New study below [1].

Not so long ago, PCa that was refractory (i.e. resistant) to ADT was described as being hormone independent.

The three dominant cell lines in PCa research have been LNCaP (from lymph node), DU145 (from brain) & PC-3 (from bone). PC-3 "cells do not respond to androgens" & "do not express PSA" [2].

"It is well established that human PCa bone metastasis form osteoblastic lesions rather than osteolytic lesions seen in other cancers like breast cancer. Similarly, PC-3 and DU145 cells form osteolytic tumors." [3]

It came as a surprise that in real-life ADT-resistant PCa, the androgen receptor [AR] continues to be involved in proliferation. The term castrate-resistant was coined [CRPC], & researchers went on to develop Zytiga & Xtandi, which essentially target AR. i.e. simply a continuation of the Huggins strategy.

PCa cells develop various tricks to survive in a low-androgen environment - including steroidogenesis, the generation of steroid hormones from cholesterol.

What seems to have been missed is consideration of a basic control mechanism in autocrine signaling.

Example. It has been understood for quite a while that in normal prostate cells, there is an enzyme that acts on calcidiol (inactive vitamin D) to form calcitriol (hormonal vitamin D), & that the presence of calcitriol will stimulate the expression of a second enzyme to metabolize & clear calcitriol. This is how cells create a window for a hormone to do its thing, & prevent continuous stimulation. In PCa, the expression of the first enzyme is down-regulated, while the second enzyme is up-regulated. Less calcitriol is created & it is cleared faster.

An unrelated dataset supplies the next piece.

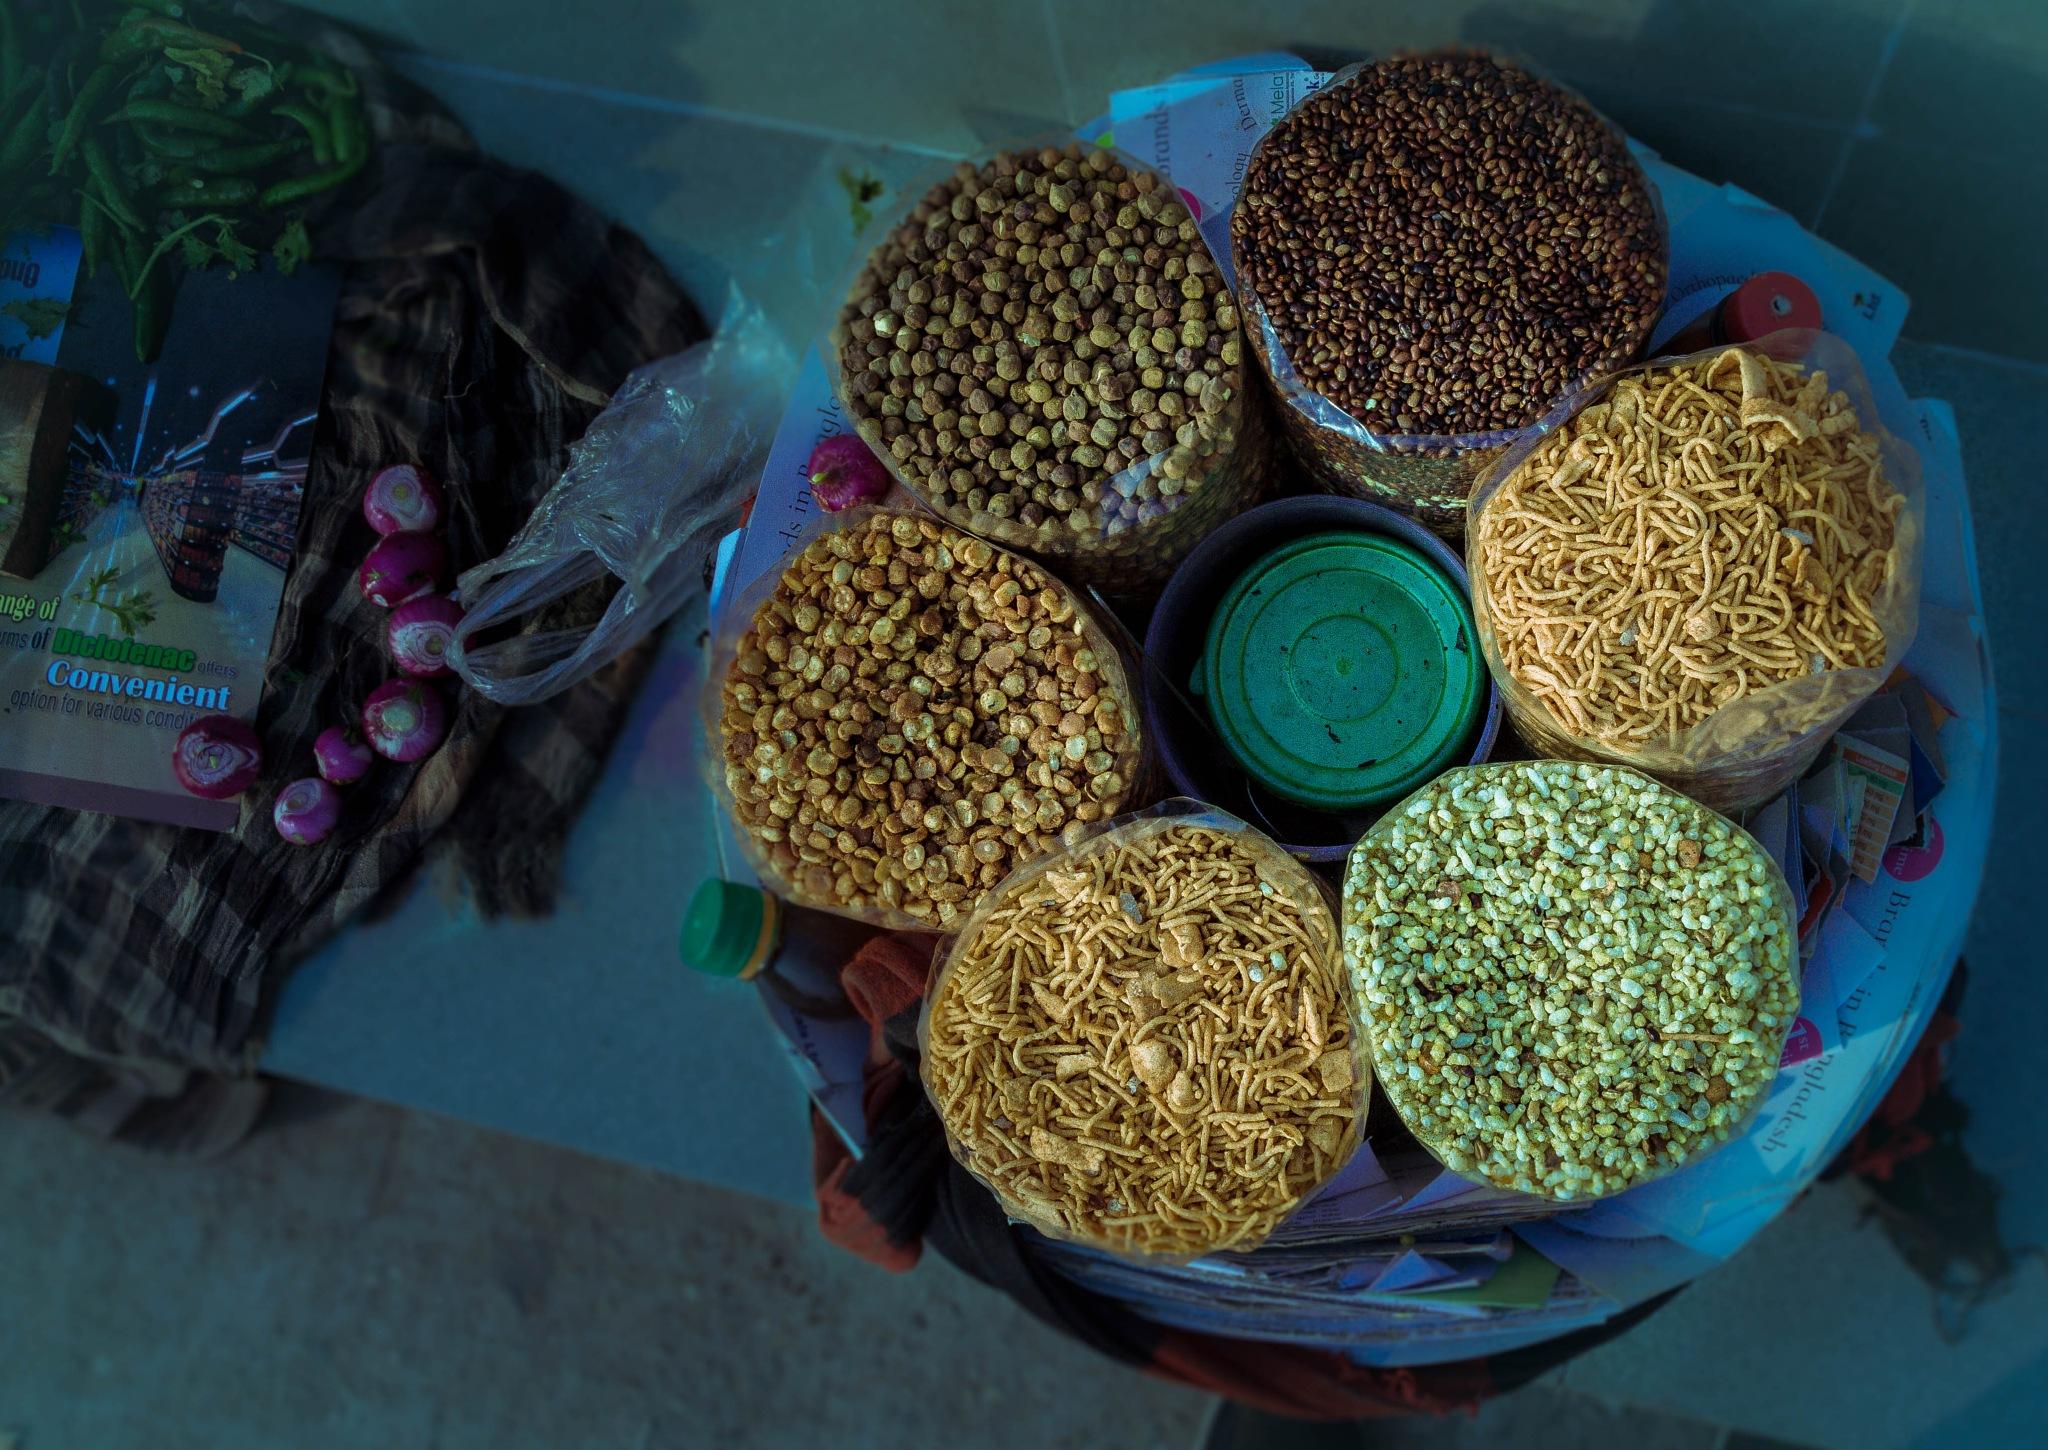 Street Food by Mursadur Rahman Akash

The "novel" mechanism [4] of the new study isn't so new. It's the same old story. The cancer suppresses the enzyme associated with androgen clearance.

"Androgen receptor signaling is critical for prostate adenocarcinoma, even after androgen deprivation therapy. Persistence of intratumoral androgens has been found in castration-resistant prostate cancer and attributed to increased in situ synthesis. Recently, Sharifi and colleagues reported an additional mechanism that can enhance local androgenic exposure: downregulation of an androgen-inactivating enzyme." [4]

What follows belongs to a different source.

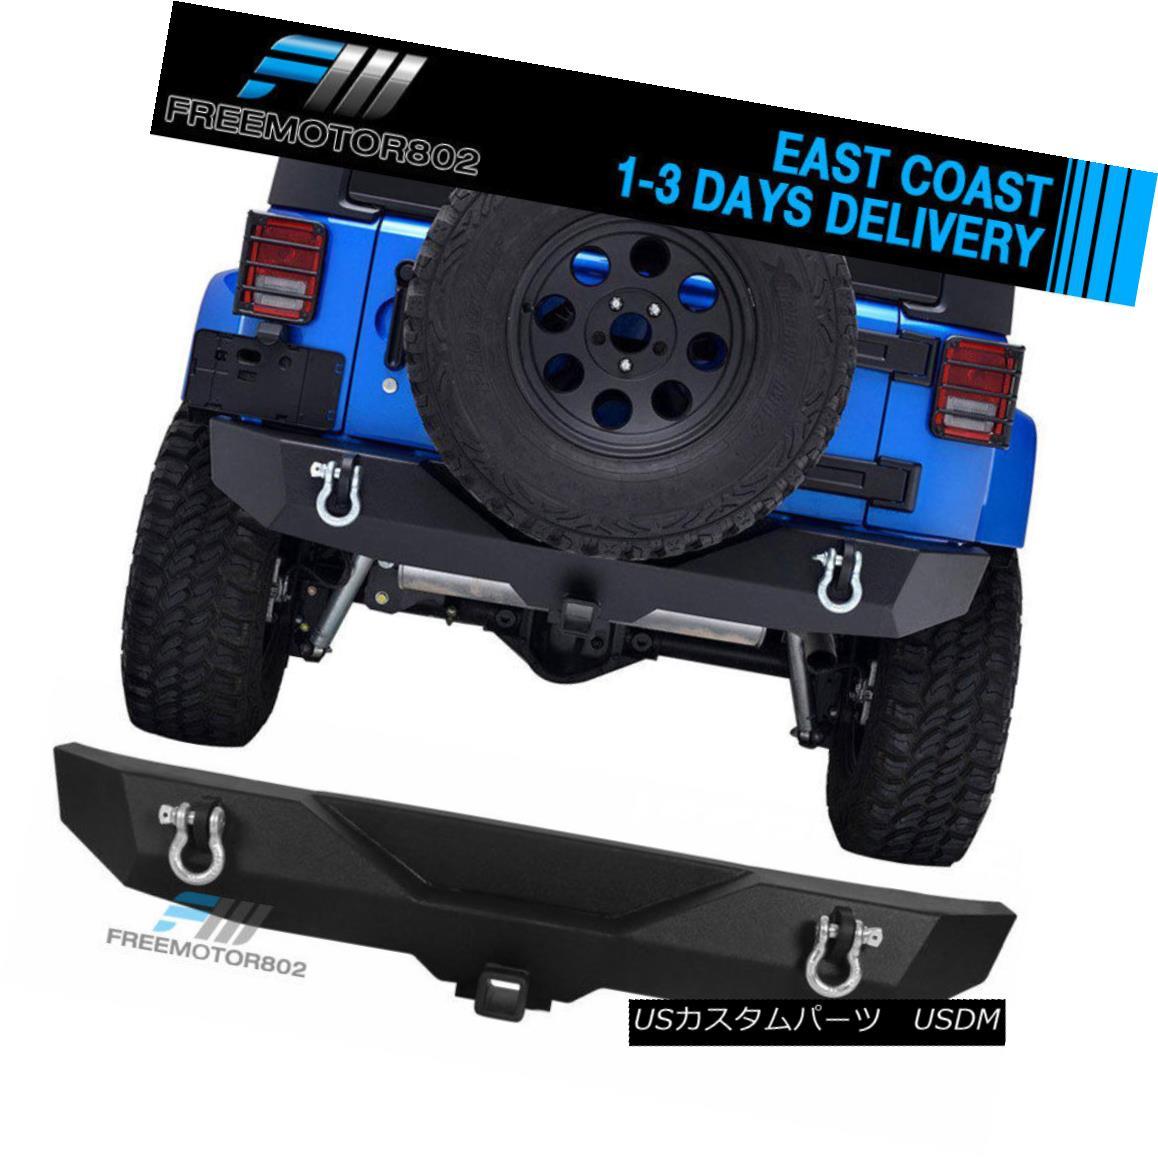 エアロパーツ Fits 07-18 Jeep Wrangler Black Textured Rear Bumper -C1 Guard Kits フィット07-18ジープラングラーブラックテクスチャリアバンパー-C1ガードキット

From the Discussion section of [1]:

"In summary, our data bring clarity to what has generally been a perplexing link between HSD17B4 and the development of CRPC. When viewed through the lens of the enzymatic properties of a single specific isoform encoded by HSD17B4 variant 2, which is responsible for androgen inactivation, the functional expression of this variant transcript, its loss in the clinical development of CRPC, and its effects on in vivo CRPC growth, all concordantly point toward a causal role in the development of the lethal form of PCa."

-Patrick

[1] ncbi.nlm.nih.gov/pmc/articl...

[2] en.wikipedia.org/wiki/PC3

[3] en.wikipedia.org/wiki/LNCaP

[4] ncbi.nlm.nih.gov/pubmed/296...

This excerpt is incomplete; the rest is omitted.